Industry sources say that exports to the US have slowed considerably and are “on the verge of stopping entirely,” highlighting the urgent need for alternative markets and strategies amid growing uncertainty in global markets.

The tariff has affected a wide range of chemical segments, including specialty chemicals, dyes, and intermediates. Several mid-sized manufacturers in Gujarat report reduced order volumes, delayed shipments, and uncertainty over long-term contracts with US buyers.

New opportunities emerge with China

Amid the downturn, improving diplomatic and trade relations with China are opening new avenues for India’s chemical and pharmaceutical sectors. China could provide critical raw materials for the pharmaceutical and dye-intermediate industries, as well as advanced automation technologies for chemical manufacturing.

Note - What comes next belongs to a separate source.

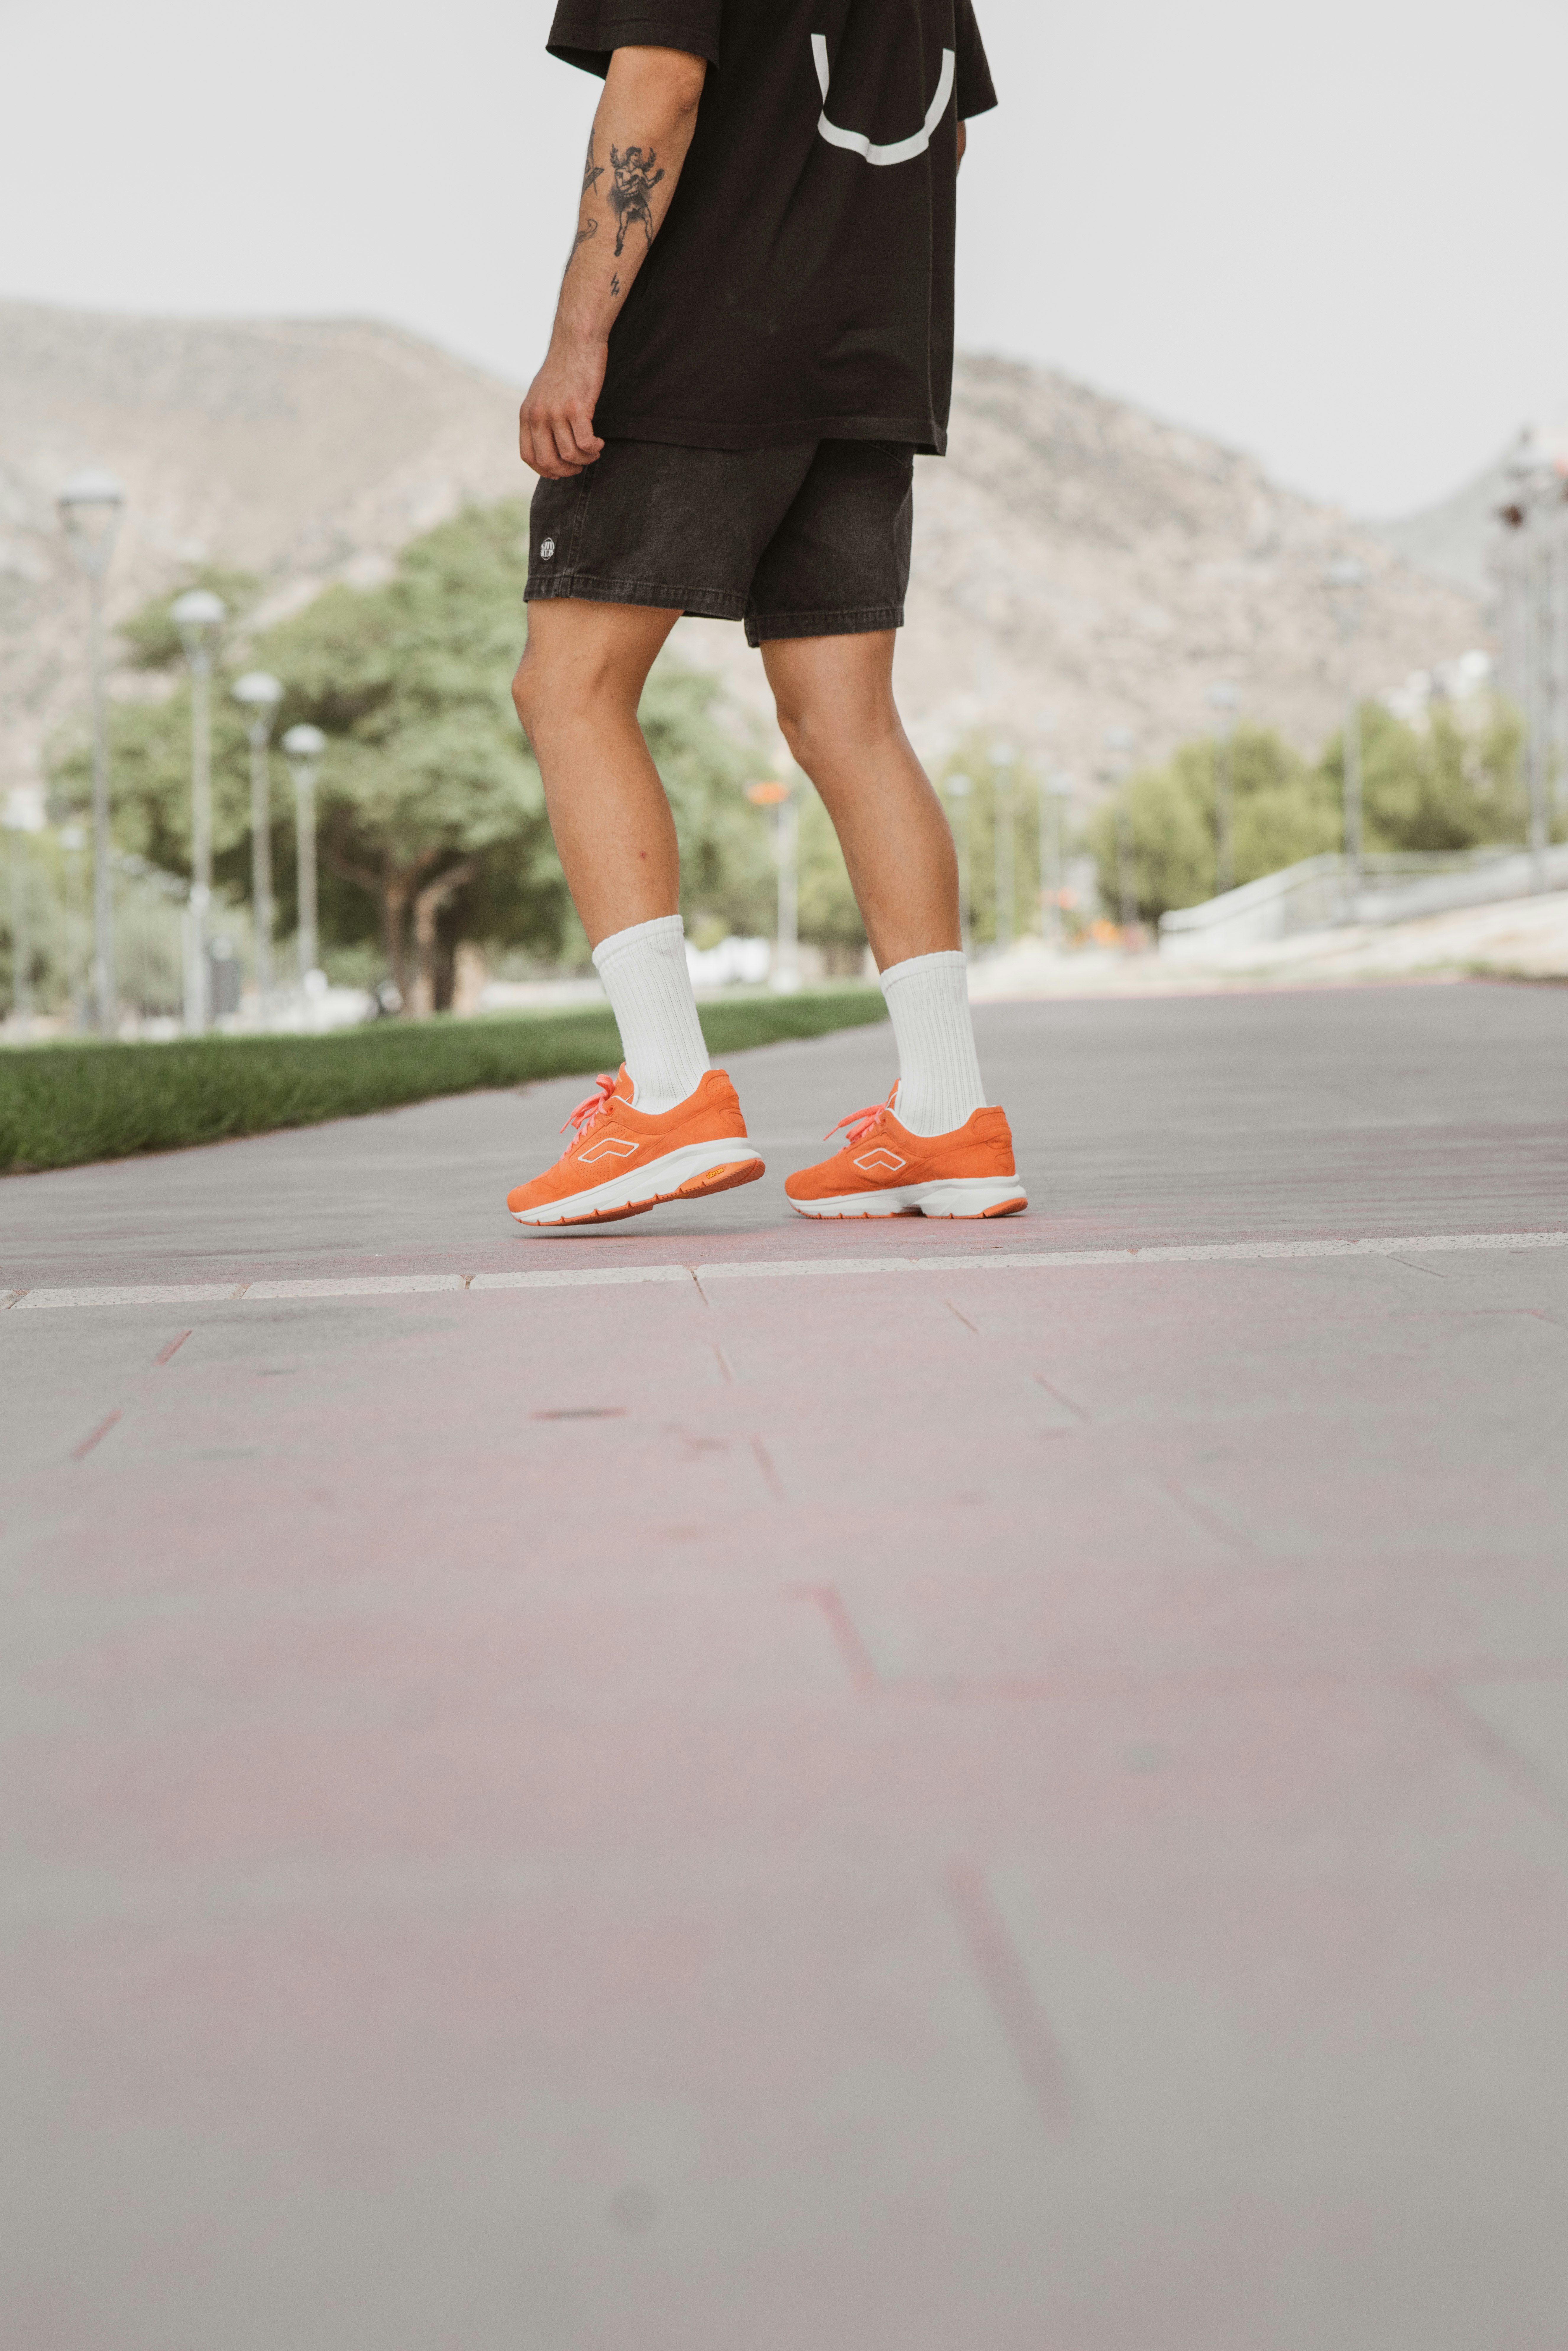 woman in black skirt and orange and white nike sneakers standing on gray concrete floor during

Experts note that adopting Chinese automation systems, which enable chemical processing with minimal human intervention, could significantly reduce production costs. Currently, around 80% of China’s chemical manufacturing units are automated, compared with roughly 10% in India. Automation could potentially cut costs by 10–20%, while access to China’s lower-cost raw materials could further enhance India’s competitiveness.

Industry analysts suggest that strengthening ties with China could also encourage joint ventures and technology partnerships, potentially allowing Indian firms to adopt global best practices in production, safety standards, and environmental compliance, which are increasingly critical for export markets.

High costs challenge Indian manufacturers

Finished chemical products from India are estimated to be about 20% more expensive than comparable products from China. Industry insiders emphasise that integrating Chinese automation technology and sourcing raw materials directly from China could help Indian manufacturers narrow this gap.

While the shift to Chinese raw materials and automation presents opportunities, manufacturers caution that supply chain reliability and regulatory approvals will play a key role in determining the speed and scale of adoption.

Improved connectivity and trade ties

Sources in Ahmedabad’s chemical sector note that new direct flight services between India and China, combined with improving diplomatic relations, are likely to ease the import of essential raw materials. Indian companies already rely heavily on China for base chemicals used in dye intermediates and bulk drugs essential for pharmaceuticals.

Better access to Chinese raw materials and technology could provide “substantial benefits” to India’s chemical and pharmaceutical industries, helping firms reduce costs and regain a stronger position in global trade.